Grandparents: More important than ever
Sunday is Grandparents Day and many of them need our help.

GRANNY. Pop-Pop. Memaw. Papa. Nanny. YiaYia and Pappou.
Our pet names for our grandparents are one of those idiosyncrasies that mark our families as our own.
Both my grandfathers were gone by the time I was born, but the role my two grandmothers - Nanny Mac and Nanny Shea - played in my life more than made up for their absence.
Mine were the yin and yang of grandmothers: My maternal grandmother was sweet, an avid champion of her 13 grandkids, who made each kid believe he or she was the favorite (although really, I'm sure I was). She'd slip us money, in addition to the $5 bill that came in every birthday card. The story goes that on her deathbed, she reached somewhere deep into the sheets, pulled out a $10 bill and said, "Buy some treats for the kids."
My paternal grandmother was a different story: I'm convinced she originated the phrase "get out of my yard." She'd greet the receipt of every gift with, "What am I going to do with this?" Over the years, I managed to find a way to charm her - mainly by teasing her mercilessly about what a crank she was, or pretending I was crankier than her. But she, like my other grandmother, exerted a powerful influence on me that still holds, despite the fact they're both long gone.
It's a rare grandparent who isn't a family jewel: They teach us, nurture us, spoil us, champion us. We confide in them and, often, we feel that they're the only members of our family who truly "get" us. They're often the sole family members who provide ballast in family dynamics that can be fraught with drama or chaos. They're unabashed in their love for us, and they somehow remain politically neutral in the mess of family life. If Switzerland had a cheerleading squad, it would be our grandparents.

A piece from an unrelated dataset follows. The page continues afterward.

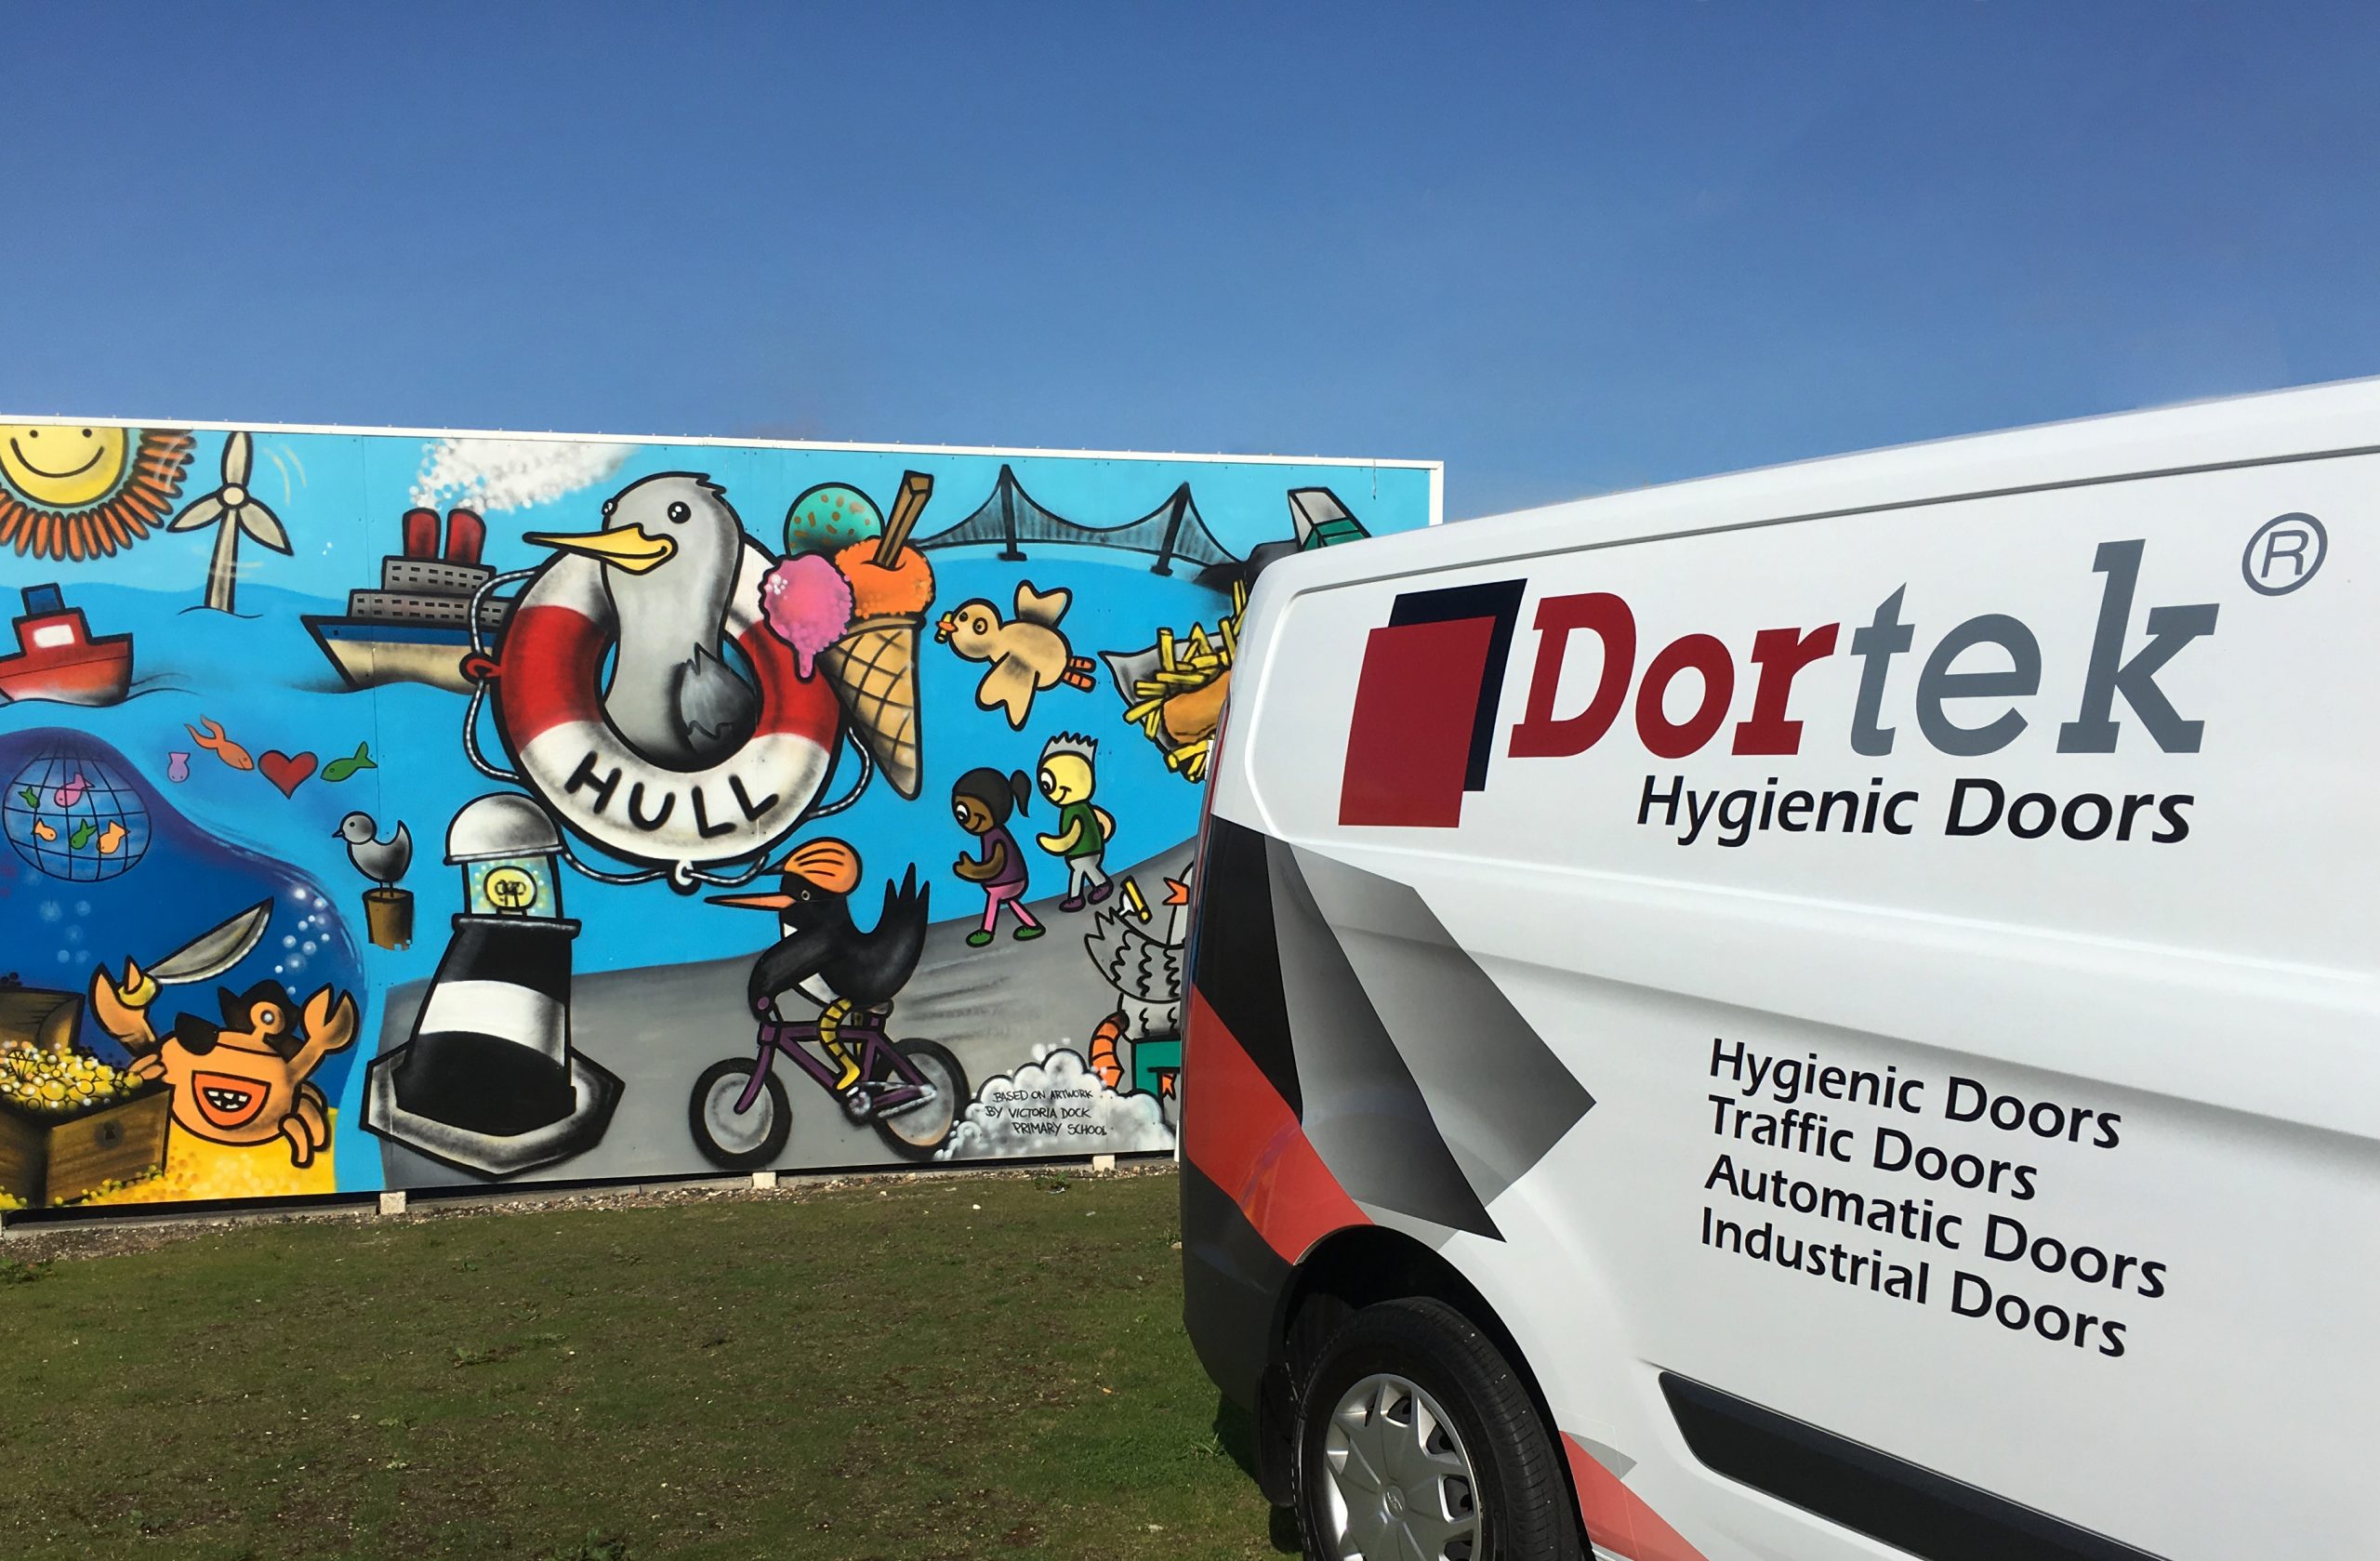 Dortek Hull Celebrates its 30th Anniversary

So I hope that Sunday, which is officially National Grandparents Day, ultimately becomes more important than the other semifake holidays whose category G-Day shares - those orphan holidays that don't have their own Hallmark section.
The changing nature of the grandparent population, as measured by recent studies, including a 2011 study from MetLife, suggests that G-Day may soon carry the commercial and emotional power that Mother's and Father's Days do.
Grandparents have played a key role in family life probably forever. The introduction of Social Security and Medicare ensured that fewer of them would become a burden to their families; gradually, they became a resource.
The census only started collecting data on grandparents in 2001. The MetLife report estimates 65 million people were grandparents in 2010; most of them are between 45 to 64 and are still working. Better educated and better compensated than their forebears, they play a bigger part in the economic well-being of their families than ever before.
For example, the dollars that grandparents spent on child-related items like toys, infant clothes and equipment, and baby food reached $7.6 billion in 2009 - 71 percent more than in 1999. And they spent almost $2.5 billion on education for their grandchildren.
Grandparents have also been helping out their adult children and grandchildren during the recent recession. The most extreme end of that help is the number of households with children that are led by grandparents. The MetLife study found that 11 percent of grandparent households included at least one grandchild. Many of those households also included parents of the grandchild. That's a number that has risen as the economy has faltered.
I met a few of those grandparents earlier this year when I visited Grands As Parents, a group created to give support to the many grandparents in the city who are raising grandkids. Well past the age when they thought they'd be thinking about diapers and juice boxes - in fact, about the age when their pensions and Social Security are kicking in - grandparents like Jean Hackney, 68, and Eileen Brown, 80, have taken in households full of kids: toddlers, third-graders, teenagers.
The "grands," who are all volunteers, show indefatigable energy not only for their own charges, but for their cause - helping others in their situation.
Now, they field phone calls, hold meetings and organize food and clothing drives in part of a rented space. They'd like to create a place where multigenerational families can live together and help each other. They've been trying to sell city and state officials on the idea for years.
Grands As Parents doesn't get any state or city funding, so the group holds an annual fundraising lunch. It's tomorrow, but you don't have to go to lend support. You can send a check to Grands As Parents, 2227 N. Broad St., Philadelphia, Pa., 19121. You know your grandmother would want you to.